Retour Portugal : les mesures d’austérité représentent une menace grave pour les droits de l'homme

Lisbonne, 09/05/2012 – « Les mesures d'austérité budgétaire mises en œuvre au Portugal ont porté atteinte de manière disproportionnée aux droits de l'homme des groupes sociaux les plus vulnérables, en particulier des enfants, des personnes âgées et des Roms. Je salue les efforts déployés par le gouvernement pour atténuer l'impact de la crise financière, notamment au moyen du programme « d'urgence sociale » lancé fin 2011. Il est cependant nécessaire d'agir de manière plus déterminée et systématique pour protéger et respecter pleinement les droits sociaux et économiques inscrits dans les instruments par lesquels le Portugal est lié », a déclaré le Commissaire aux droits de l'homme du Conseil de l'Europe, Nils Muižnieks, à l'issue d'une visite de trois jours à Lisbonne.

Au cours de sa visite, le Commissaire a pris note avec inquiétude d'informations selon lesquelles plus de 20 % des enfants et des personnes âgées seraient considérés comme exposés au risque de pauvreté. En outre, si le taux de chômage officiel dans le pays était estimé à 14 % en 2011, le chômage des jeunes aurait atteint 34 % début 2012. « Cette situation remet en cause la cohésion sociale du pays et ses importantes réalisations en matière de droits de l'homme. Le Portugal est l'un des Etats parties à la Charte sociale européenne, en vertu de laquelle il s'est engagé à protéger efficacement toutes les personnes se trouvant ou risquant de se trouver en situation d'exclusion sociale ou de pauvreté. L'emploi, le logement, l'éducation et l'assistance sociale et médicale sont des droits sociaux vitaux qui ne peuvent être ignorés, pas même en période de crise économique. »

Le Commissaire Muižnieks a été informé qu'au Portugal, de plus en plus d'enfants interrompent leur scolarité pour chercher un emploi et tenter de subvenir à leurs besoins et à ceux de leur famille. « Les mesures adoptées auparavant avaient permis de réduire considérablement les cas signalés de travail d'enfants. J'exhorte le gouvernement à faire tout son possible et à mobiliser les institutions compétentes, comme la Commission nationale pour la protection des enfants et des jeunes en danger, pour éviter la résurgence du travail et de l'exploitation des enfants. »

« Plusieurs de mes interlocuteurs, dont l'Ombudsman, ont confirmé que les personnes âgées connaissent de graves difficultés. Les retraites ont été gelées, alors que les frais d'hospitalisation et le prix des transports publics ont augmenté. J'ai constaté avec satisfaction que le ministre de la Solidarité et de la Sécurité sociale est pleinement conscient de cette situation. Les mesures « d'urgence sociale » adoptées en 2011 pour atténuer les effets néfastes de la crise sur les groupes sociaux vulnérables, comme les personnes âgées, vont dans le bon sens. Il faudrait accorder la priorité à la protection sociale de ces groupes, qui devrait s'appuyer sur un système complet de collecte de données capable de fournir des études d'impact fiables, et sur des filets de sécurité sociale protégeant les droits de l'homme et la dignité de toutes les personnes dans le besoin. »
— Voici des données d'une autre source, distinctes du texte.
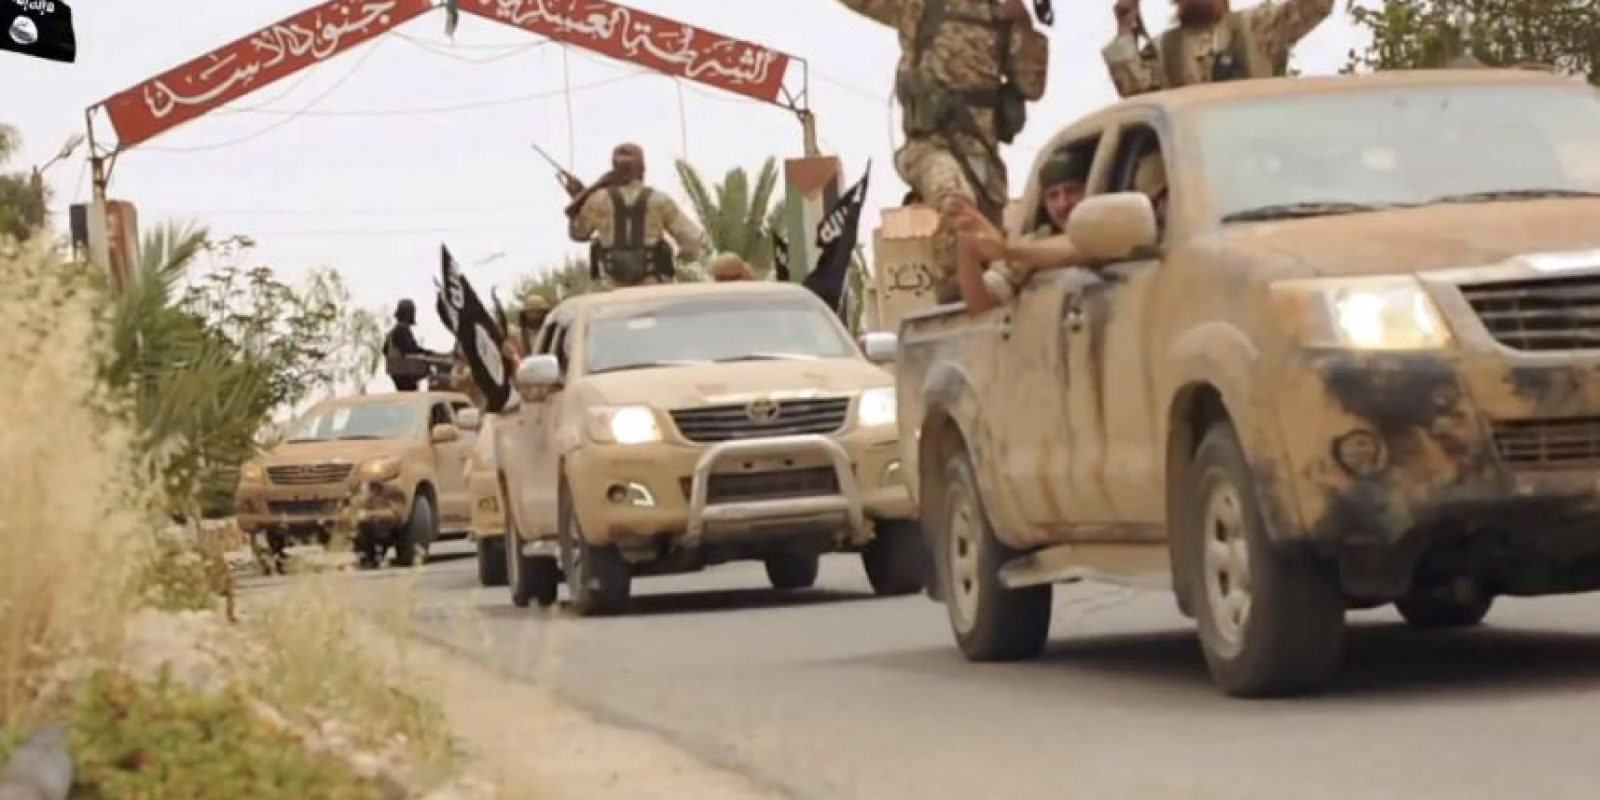 Al Qaeda a proveído la mayoría de las tropas para esta batalla. Foto:AFP

Le Commissaire a pris note de la stratégie nationale en faveur des Roms pour 2012. « J'encourage le gouvernement à concrétiser cette initiative en y consacrant les ressources humaines et financières nécessaires. Je reste cependant très préoccupé par des informations indiquant qu'au Portugal, une grande partie des Roms continuent de subir une discrimination et une ségrégation institutionnalisées et de vivre dans des conditions déplorables. J'appelle les autorités à remédier pleinement aux violations graves concernant les droits des Roms en matière de logement constatées par le Comité européen des Droits sociaux dans la décision qu'il a rendue l'an dernier en l'affaire Centre Européen des Droits des Roms (CEDR) c. Portugal ». Le Commissaire a également souligné la nécessité de poursuivre et de renforcer le programme des médiateurs roms et de le compléter par des mesures ciblées visant à éliminer la discrimination dans tous les domaines.

Enfin, le Commissaire Muižnieks a salué la décision des autorités de ne pas réduire le budget du bureau de l'Ombudsman. « C'est une reconnaissance claire du travail effectué par les institutions nationales des droits de l'homme indépendantes et de leur précieuse contribution à la protection des droits de l'homme et de l'Etat de droit. Ces structures nationales sont indispensables, aussi bien en temps de crise qu'en période de prospérité. »

Le rapport du Commissaire sur sa visite au Portugal sera publié prochainement.